Variable-Length Tokenization via Learnable Global Merging for Diffusion Transformers
Researchers propose a novel variable-length tokenizer using learnable global merging to improve the quality-compute trade-off in latent diffusion models. Unlike conventional truncation-based approaches, the merging method maintains representational alignment across different compression levels, enabling diffusion transformers to operate more effectively with adaptive token counts.
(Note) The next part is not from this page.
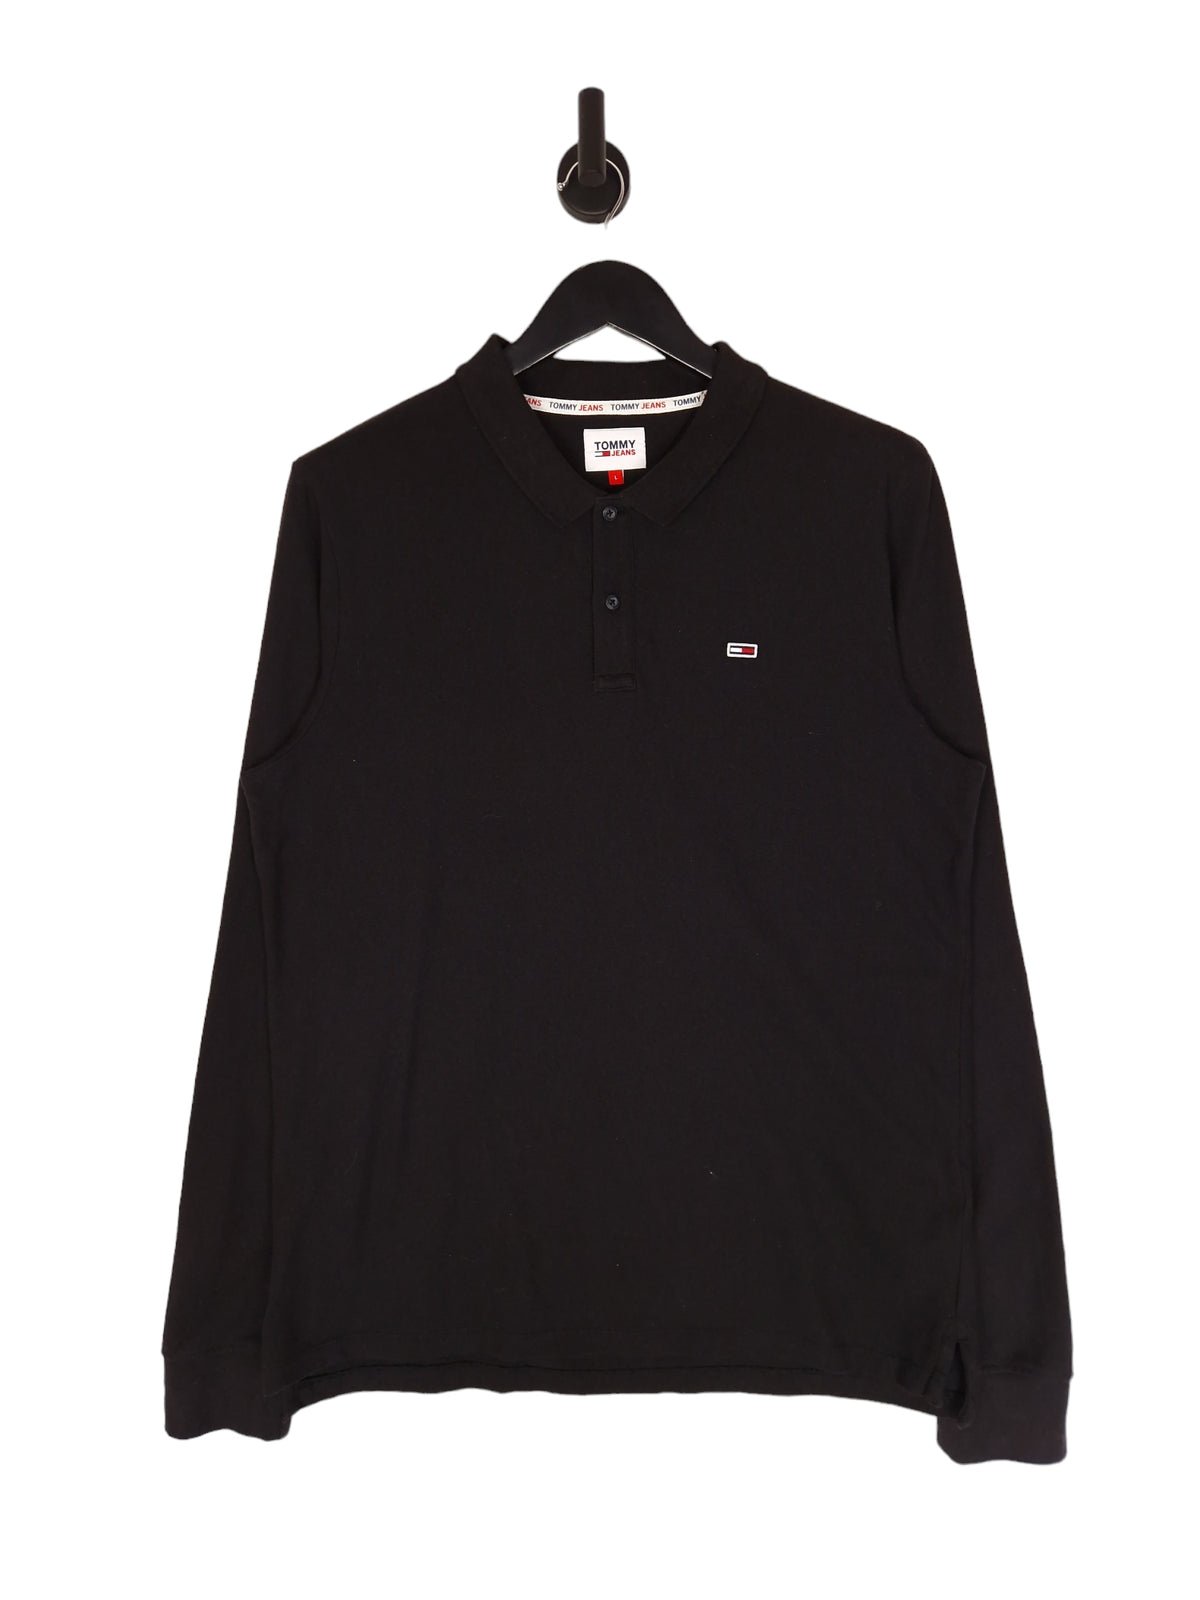 Tommy Jeans Long Sleeve Polo Shirt - Size Large

The research addresses a fundamental constraint in visual synthesis: latent diffusion models must choose between fixed compression ratios that either sacrifice quality for speed or consume excessive compute for high fidelity. Variable-length tokenizers theoretically enable adaptive compression, but existing approaches suffer from a critical problem—truncating token sequences makes token semantics position-dependent, creating distribution shifts that prevent a single model from handling multiple lengths effectively. This paper's core innovation is replacing truncation with token merging, where similar tokens combine rather than disappear. The learnable global merging approach makes the process data-independent, ensuring the merging pattern remains consistent and predictable during generation rather than varying based on input. This architectural choice preserves semantic relationships across different compression levels, allowing diffusion transformers to maintain stable performance whether operating with many or few tokens. On ImageNet benchmarks, the method demonstrates superior trade-offs between generative quality (gFID scores) and computational cost compared to previous variable-length tokenizer approaches. The availability of open-source code accelerates potential adoption. This work matters for the broader AI infrastructure sector because efficient visual synthesis directly impacts applications ranging from real-time content creation to resource-constrained environments. The ability to dynamically balance quality and compute on a per-generation basis could enable more practical deployment of diffusion models in production systems. Developers working with visual generation pipelines should monitor whether this merging approach becomes standard practice across popular diffusion model implementations.
- →Learnable global merging preserves token semantics across variable compression levels by combining similar tokens instead of truncating sequences.
- →The method achieves superior quality-compute trade-offs on ImageNet 256×256 generation compared to prior variable-length tokenizer methods.
- →Data-independent merging patterns ensure consistency during generation, enabling stable diffusion transformer operation across different token counts.
- →Open-source code availability accelerates potential adoption in visual synthesis applications and production systems.
- →The approach addresses a fundamental constraint in latent diffusion models that previously required choosing between fixed quality or fixed compute budgets.